I would appreciate any advice for this, and am open to any better ideas than swapping the hives around.

Some beeks I know use this:
1st put some plate ( or hive roof) in level with entrance of hive where you want to add some bees ( connected)
2nd choose hive from where you want to take bees, find queen and leave that frame, take other frame with bees from brood box and shake bees on the plate in front of weak hive. Young bees will go like the river into that hive, old bees will fly off. No fight, no hazard for the queen. I tried it several times, it was all OK.
This way some beeks use to "level" colony strength before main forage.
Other way I use more often:

Also check where is queen from hive you want to take bees. Leave that frame aside, choose frame with brood and bees you want to take. Take that frame and leave otuside the hive for 5-10 minutes. Then just add that frame to desired hive, also old bees will fly off and young will remain..

I wrote all of this, but when re-reading of your situation better don't apply on your colony. I advise you to merge with next to it..
The ways I wrote use for some worth saving.
 
Last edited:
So few bees and no brood probably not worth trying to save it, I would suspect the queen isn't much good either.

I am same opinion.

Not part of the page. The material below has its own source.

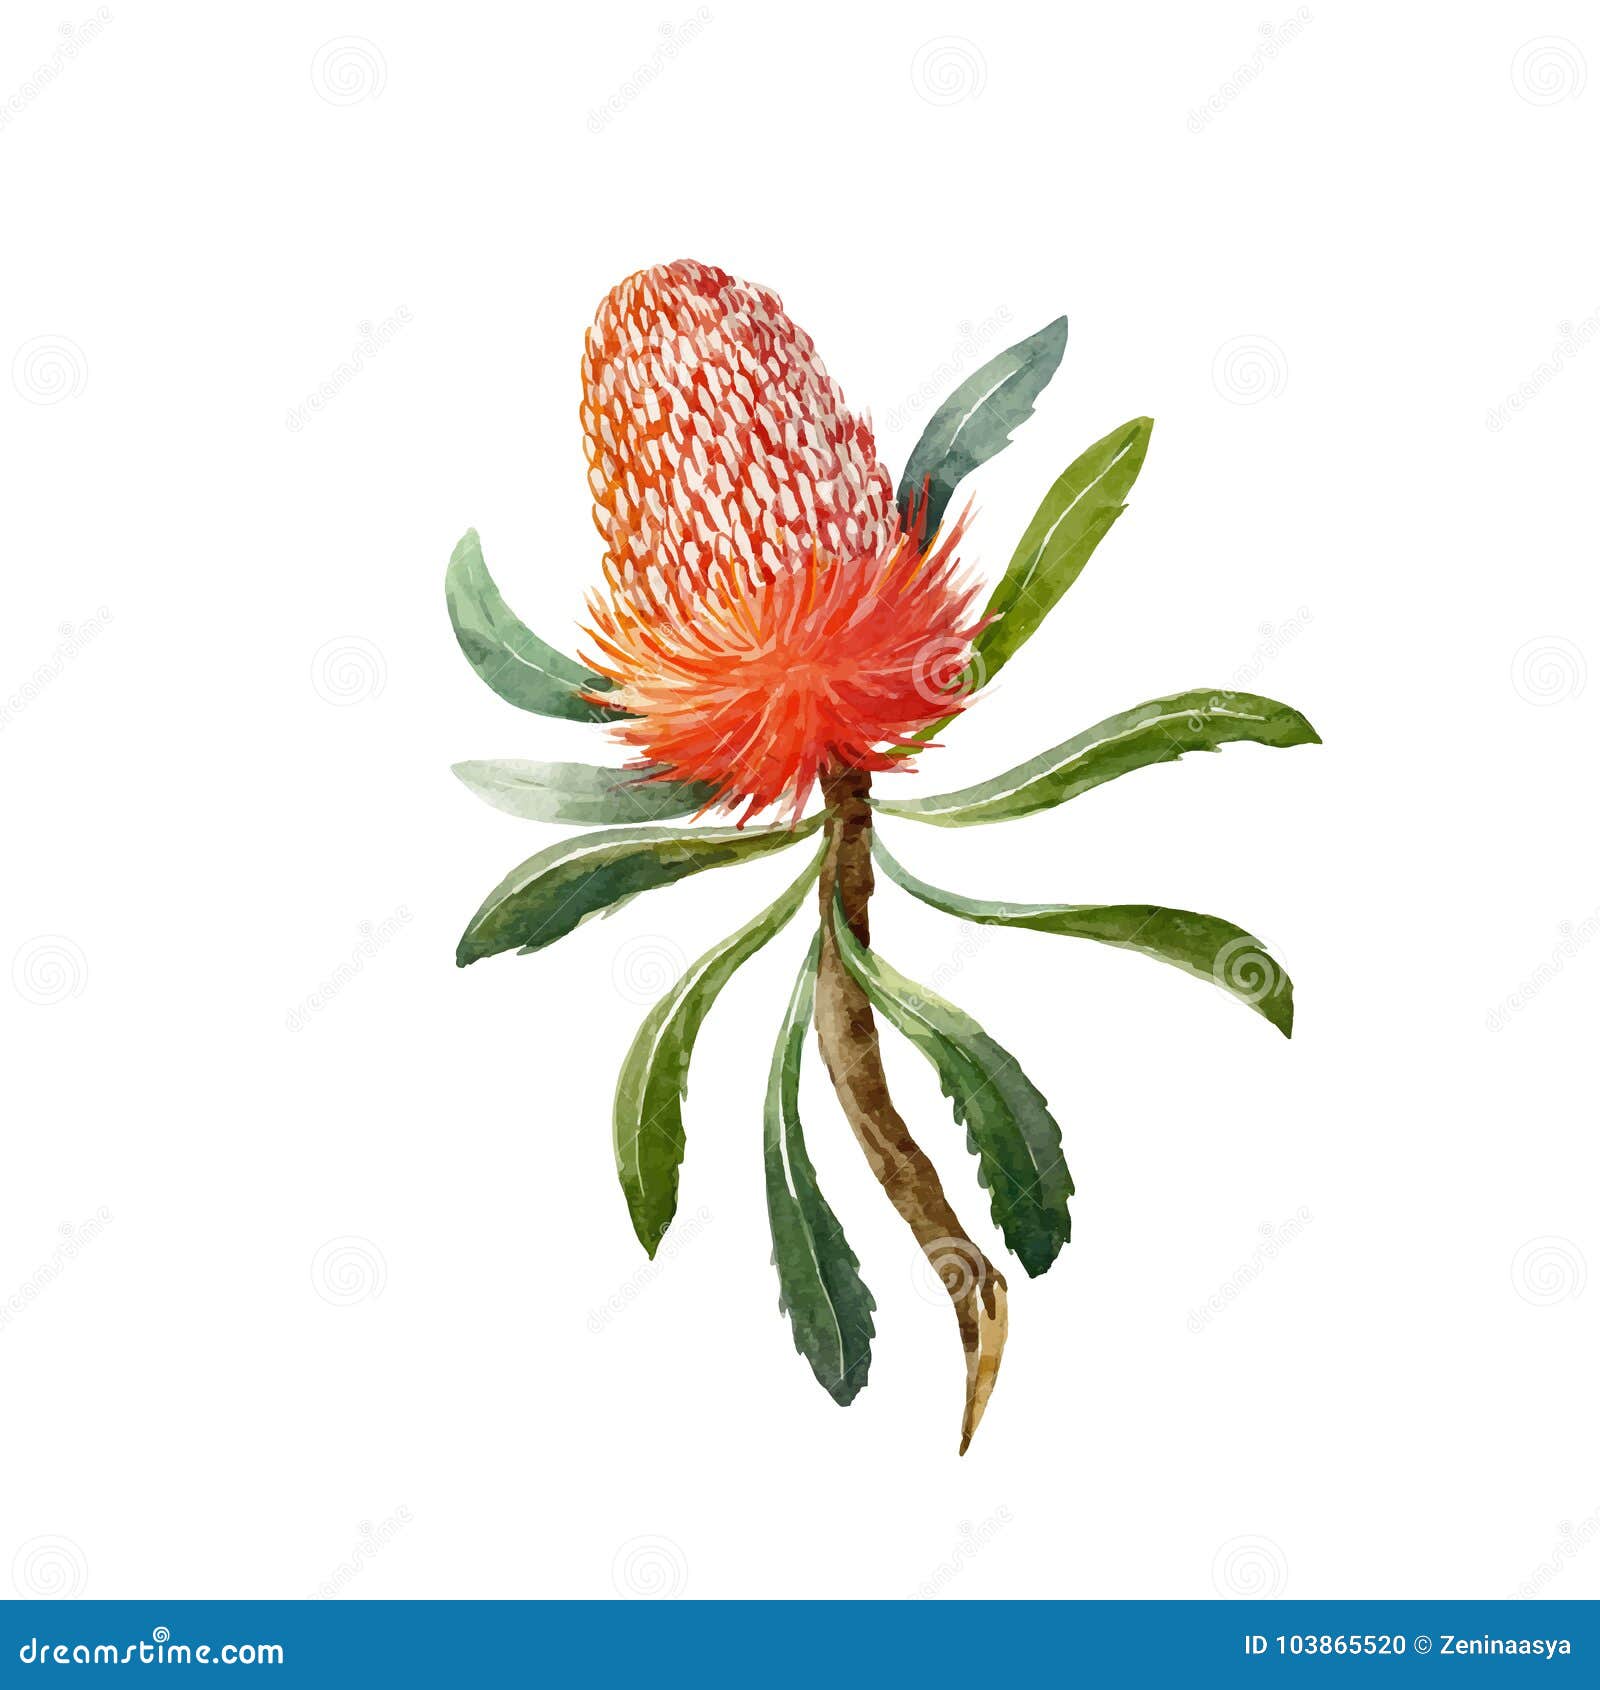 watercolor banksia  flower

Perhaps hive has nosema and now it has value of zero.

If you add bees to the colony, new bees may get nosema too.
 
Stealing bees from a strong hive (and making it weaker) to add to a weak hive seems illogical when thought about. I don't do it: tends to not work..
 
Stealing bees from a strong hive (and making it weaker) to add to a weak hive seems illogical when thought about. I don't do it: tends to not work..

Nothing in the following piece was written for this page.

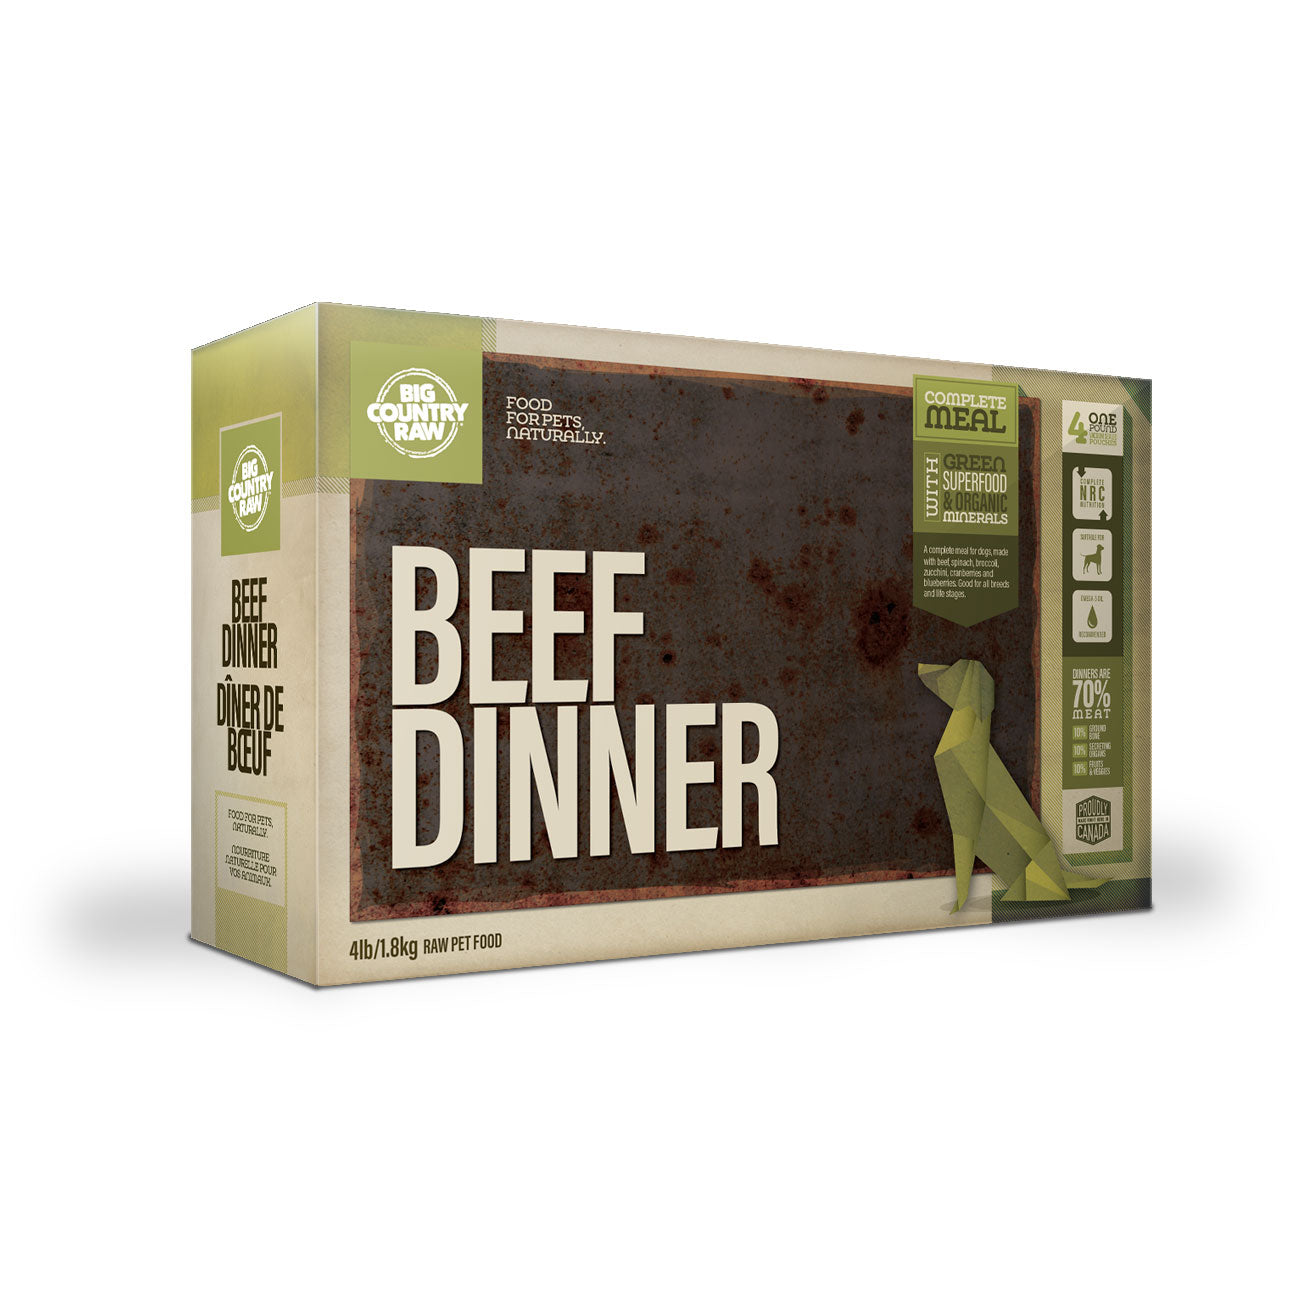 BIG COUNTRY RAW DINNER CARTON - BEEF

Swapping means that the good hive looses its foragers and most of nurser bees. Its build up will be jammed.

Advice, how to spoil a good hive. Yeas, guys do that, but it is mad job.



.
 
Last edited:
Right, fair enough. I'll just leave this hive alone and hope for the best.

Is there any way I can bank the queen for a month or so, so I can use her for a split later on in the season? Or is she not worth saving also?
 
.
Buy a new queen. I bet that queen's workers are not tolerant against nosema and vain to try same next winter.
 
Hi
If your going to leave them alone to take their chances then at least move the frame with the bees & eggs with some stores into a well insulated nucleus.
Alec
 
Is there any way I can bank the queen for a month or so, so I can use her for a split later on in the season? Or is she not worth saving also?
Yes, I agree with what Eyeman's already written - you could put her and the in-use frames into a nuc on the existing hive stand.

You don't know what's wrong with the colony - it could be Nosema, the queen could be failing, or it could be that they are too small a colony in a very large box so giving them less space to heat might help them turn the corner. Then again it might be a waste of time.

Whatever the outcome, you will learn from experience.
 
Yes, I put them in a poly nuc yesterday when I saw they were weak. What I will do the next warm day is dummy it down to 3 frames with some insulation. Or would 2 frames be better?

Thanks all for the advice. It's a shame this happened, but I at least have 3 other hives that will make it.
 
Increase heat retention e.g. dummy down or/and insulate, feed- fondant at this time of year. Give the queen a chance before requeening? This is what I did with a week colony and its now going well, although wasnt as small as yours.